• _Work order_
Repeat all the lines below exactly, but omit the pictures.

• _Data extract_
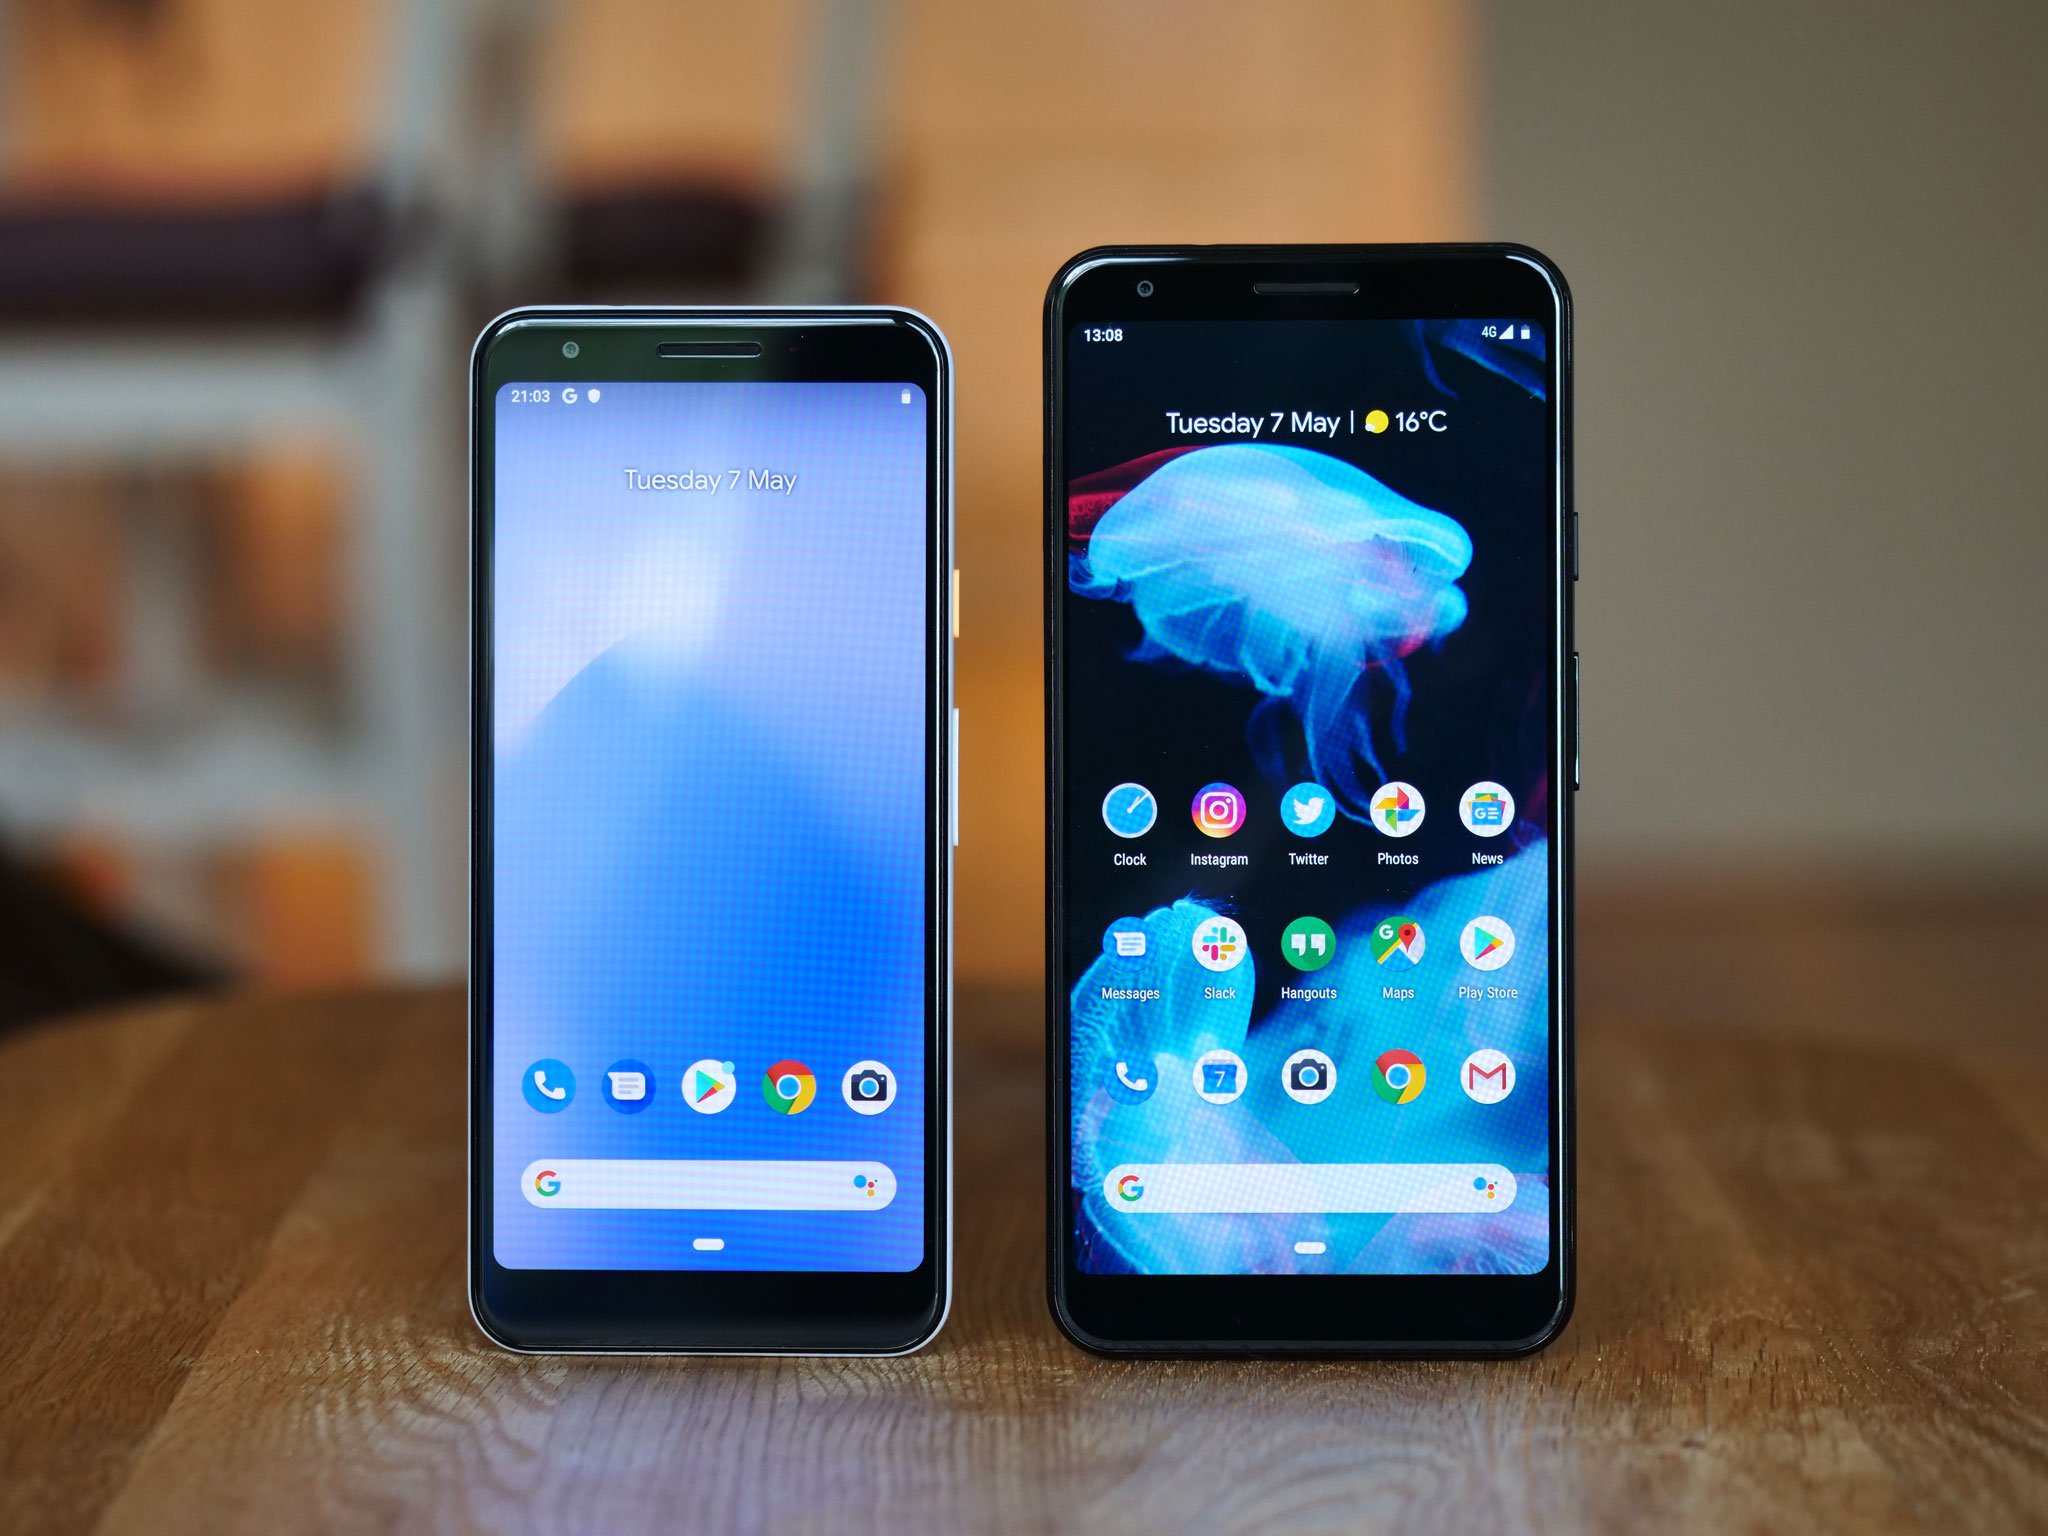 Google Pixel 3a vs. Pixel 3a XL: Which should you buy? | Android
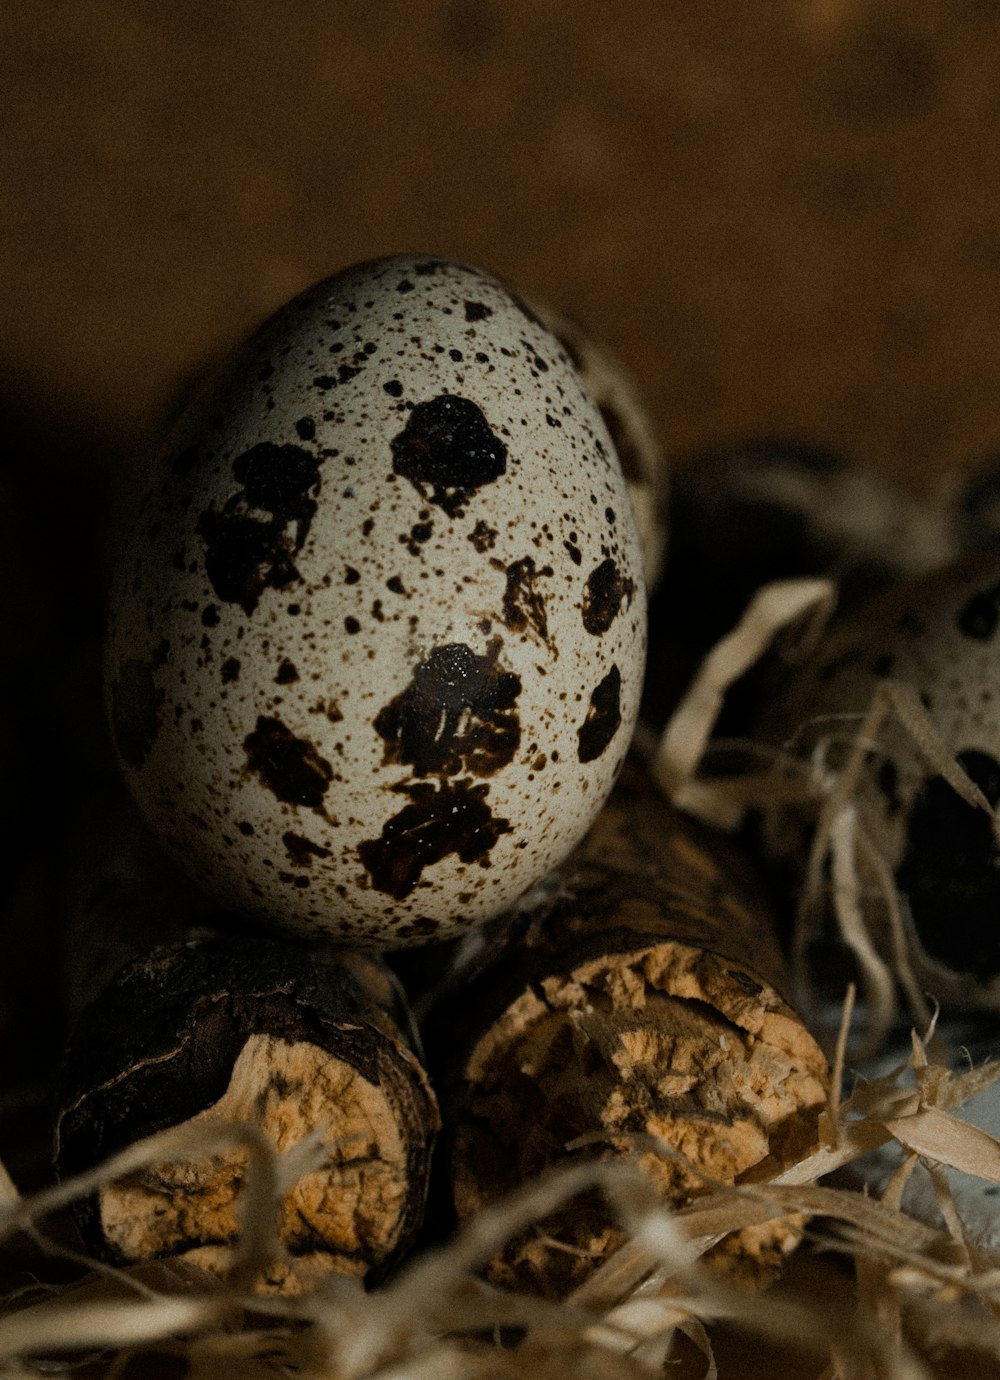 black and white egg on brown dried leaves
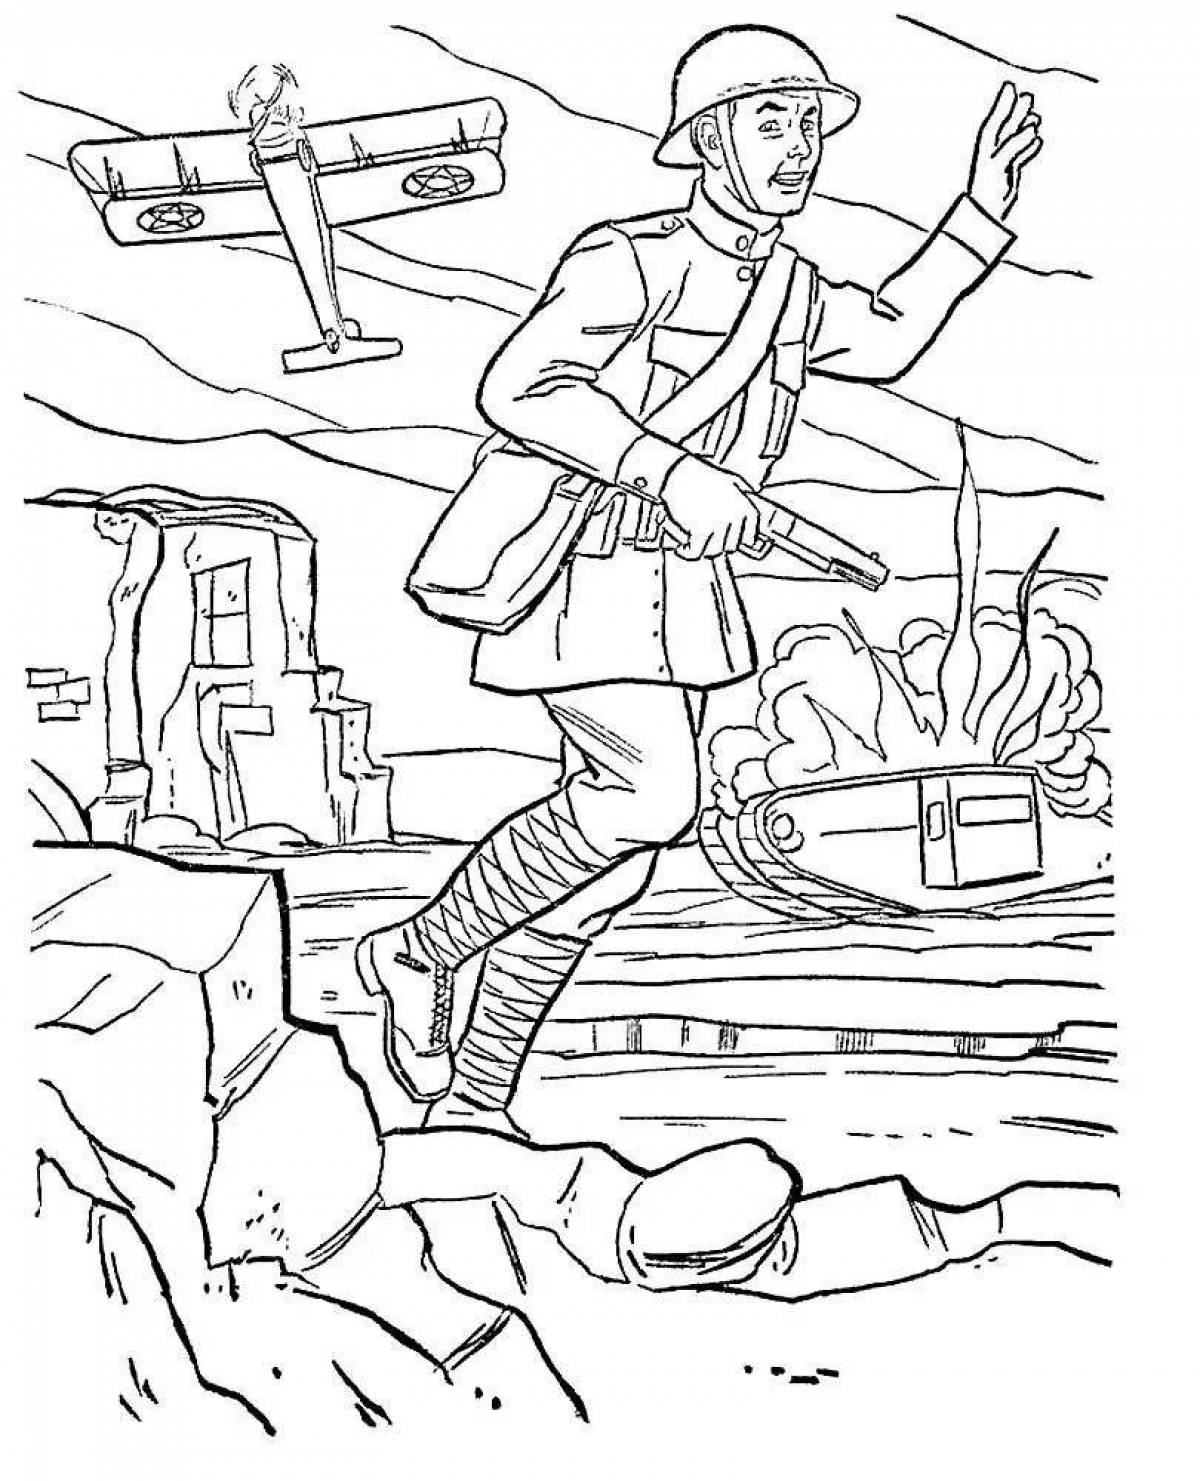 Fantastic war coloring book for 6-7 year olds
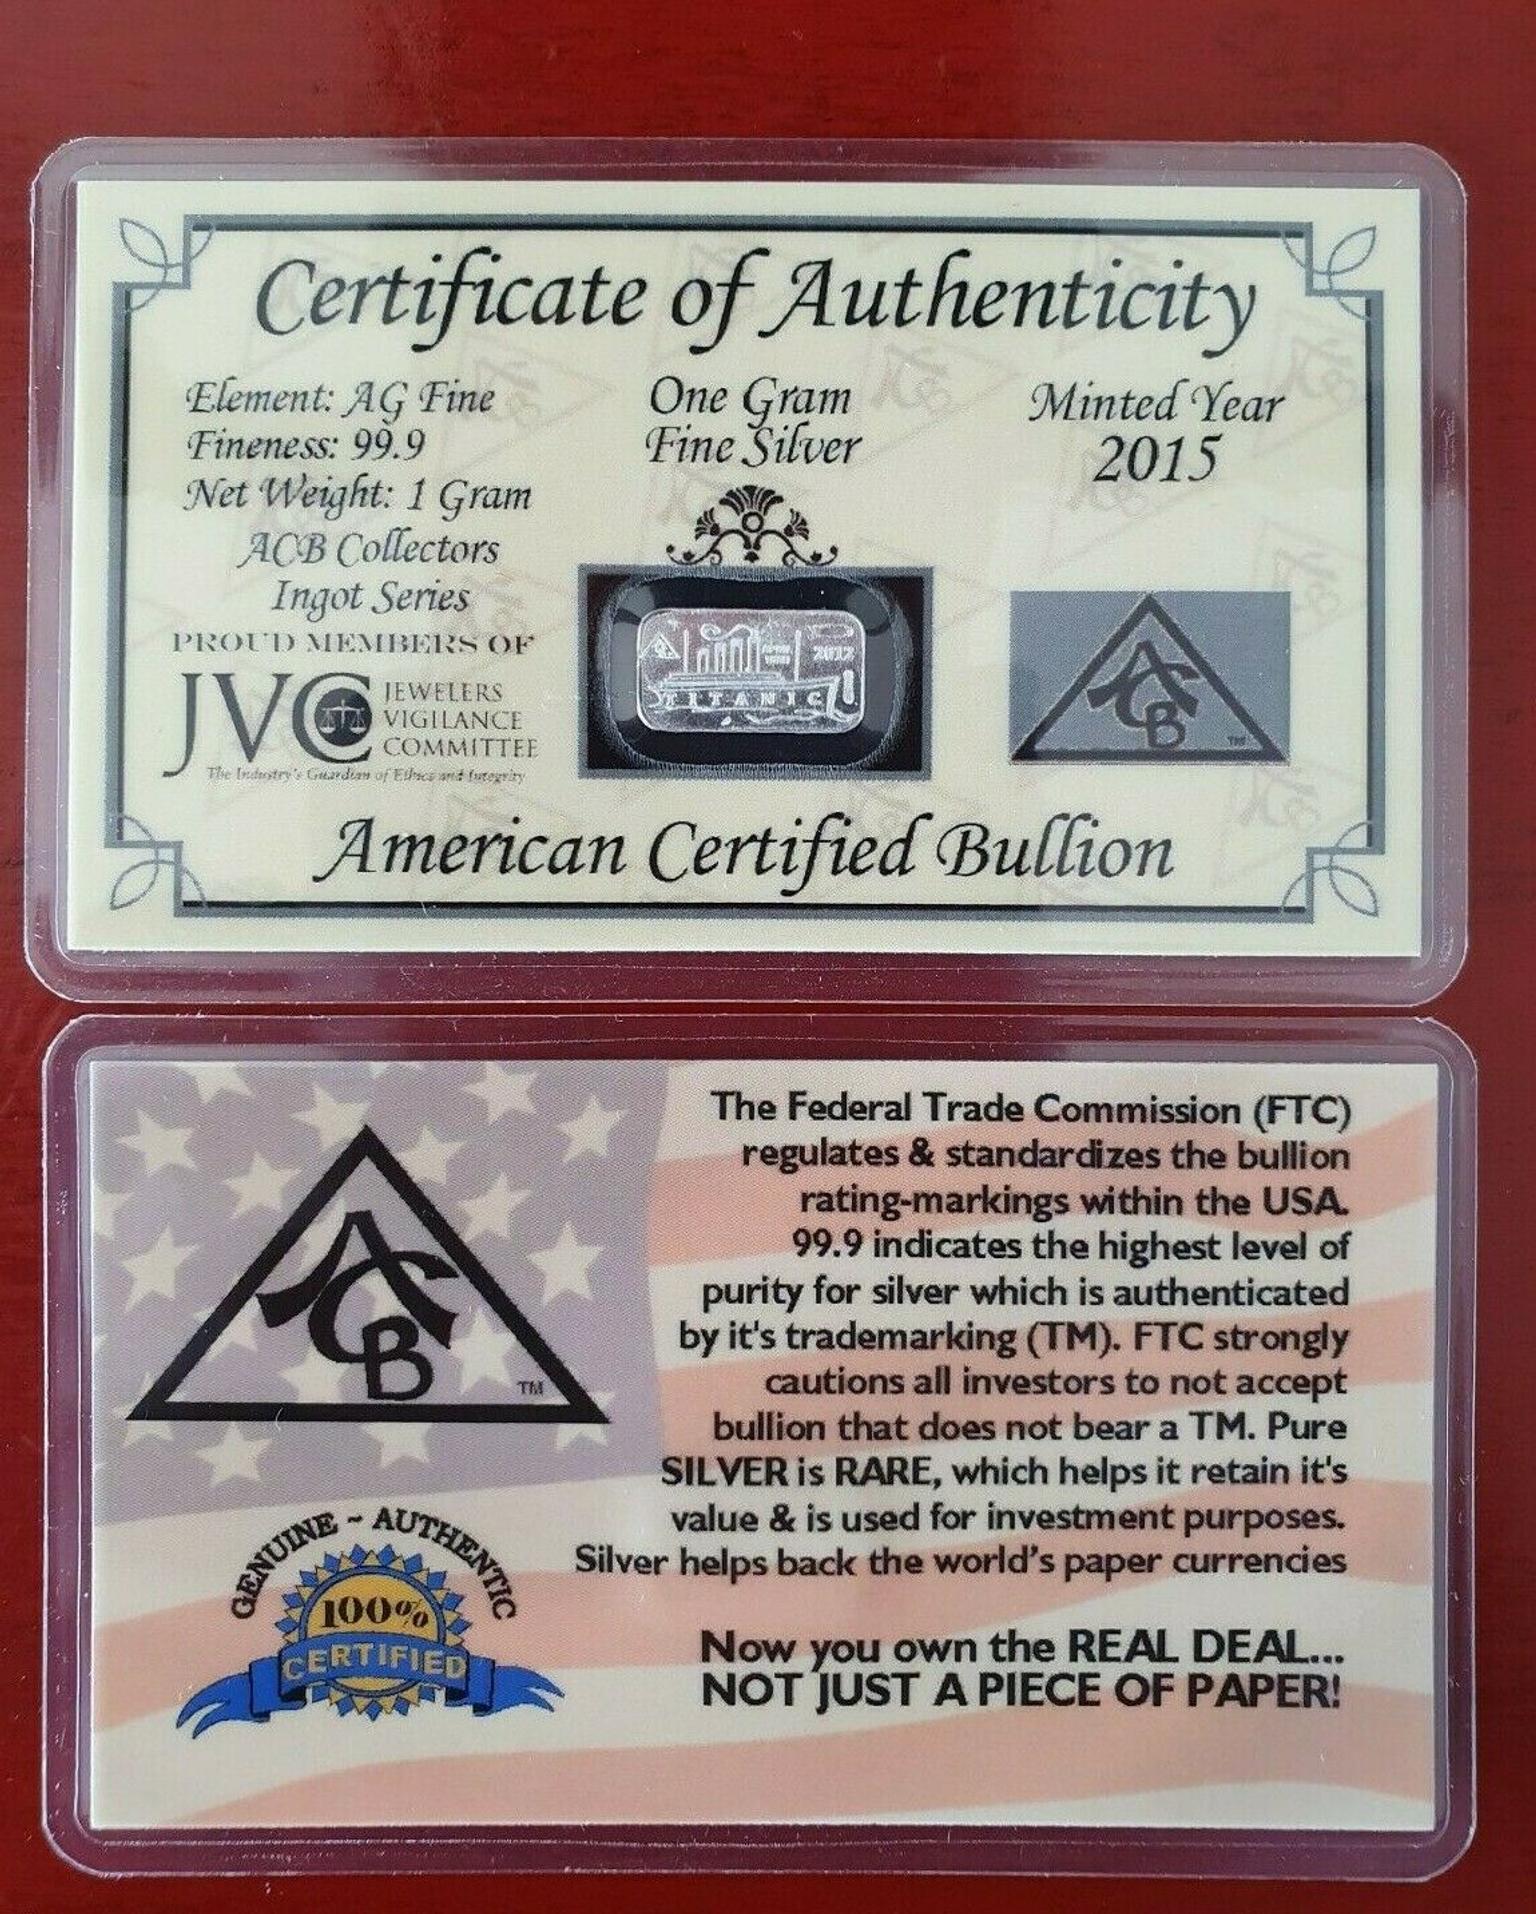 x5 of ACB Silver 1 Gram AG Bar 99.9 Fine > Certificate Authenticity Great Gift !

• _Solution for this exercise_
 Google Pixel 3a vs. Pixel 3a XL: Which should you buy? | Android
 black and white egg on brown dried leaves
 Fantastic war coloring book for 6-7 year olds
 x5 of ACB Silver 1 Gram AG Bar 99.9 Fine > Certificate Authenticity Great Gift !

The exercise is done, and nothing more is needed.